The numbers support Crane’s concern. US data center power demand is projected to surge from 34.7GW in 2024 to 106GW by 2035, according to BloombergNEF. Companies like NextEra Energy plan to build at least 15GW of new plants for data centers over the next nine years, while utility capital spending plans have risen 19% for 2026 to 2030.

Strategic Restructuring and Future Prospects

In response to its challenges, Poolside has split itself into two companies – one focused on infrastructure called “PIC” and the other on model building – in an attempt to better appeal to distinct sets of investors. The startup has yet to release a model but hopes to release an application programming interface (API) by the end of April that will show enough promise to rekindle funding talks.

Poolside’s founders, Jason Warner (former CTO of GitHub) and AI entrepreneur Eiso Kant, are betting that the AI market will be large enough for second-tier models to gain a profitable foothold. The startup also sees an opening to sell its products to government and defense contractors after Anthropic was blacklisted by the Pentagon in a spat over the military use of its AI.

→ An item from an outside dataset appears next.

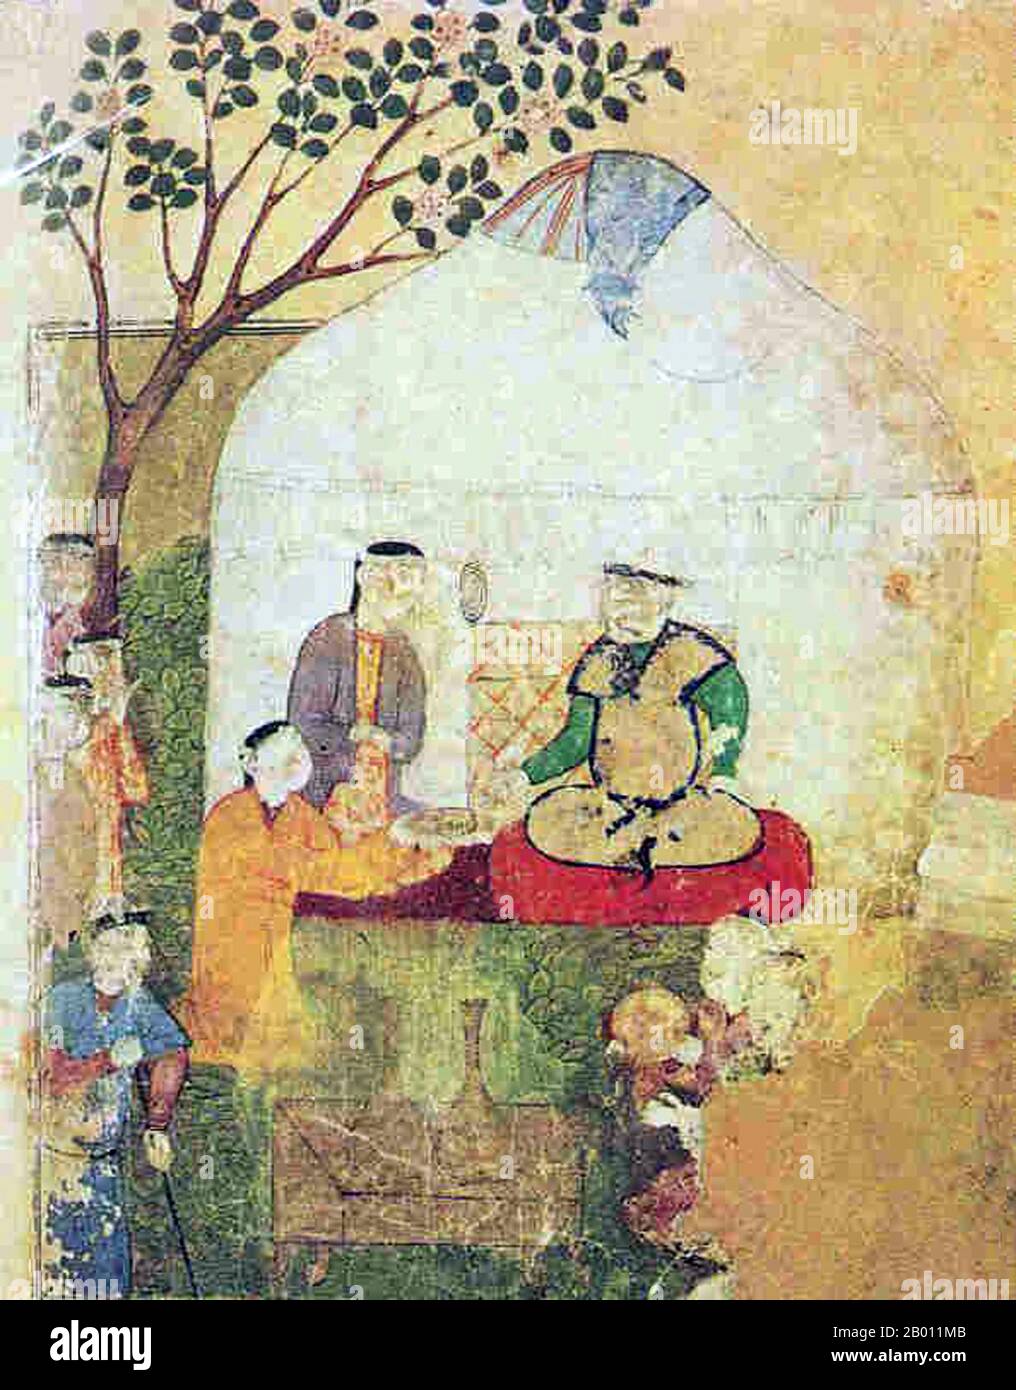 Uzbekistan: Muhammad Shaybani, Khan degli Uzbeki (1500-1510) seduto in un yurt o ger (tenda), 16 ° secolo. Abul-Fath Muhammad, conosciuto nei secoli successivi come Shaybani Khan (c.. 1451 – 2 dicembre 1510) è stato un khan degli Uzbeki (dal 1500) che ha continuato a consolidare varie tribù uzbeki e gettato le basi per la loro ascesa in Transixiana. Egli era un discendente di Genghis Khan attraverso il nipote Shayban e considerava i Timuridi come usurpers del patrimonio genghiside in Asia centrale. Il suo nome nativo turco era Shibagh ('wormwood' o 'ossidian'). Foto Stock

Despite the setbacks, Poolside could still benefit from the ongoing scramble for electricity and land between tech giants like Amazon, Google, Meta, Microsoft, and Oracle. Hyperscalers are spending hundreds of billions on data centers and power infrastructure as demand for AI continues to outpace supply. “There are a lot of people in the market for capacity,” said a person familiar with Poolside’s strategy.

The Broader Industry Context

Poolside’s experience reflects a broader trend in the AI infrastructure space. While established players like OpenAI secure massive funding rounds and European startups like Mistral AI invest $830 million in data centers to strengthen regional autonomy, smaller players face significant hurdles in scaling their operations.

The energy demands of AI infrastructure are creating both opportunities and challenges. As Ben Hertz-Shargel, Global Head of Grid Edge at Wood Mackenzie, notes: “The AI ship has sailed, but the energy cost of serving it is very much in question.” This tension between explosive growth and sustainable infrastructure development will likely define the next phase of AI expansion.

For now, Poolside remains confident that Google or another “stronger and better partner” will step in to help them purchase AI chips and finance the required power. But if the startup can’t swiftly find a new counterparty, it could reignite concerns about the riskiness of so-called “neocloud” startups that have been snapping up land, power, and chips to capitalize on the AI boom.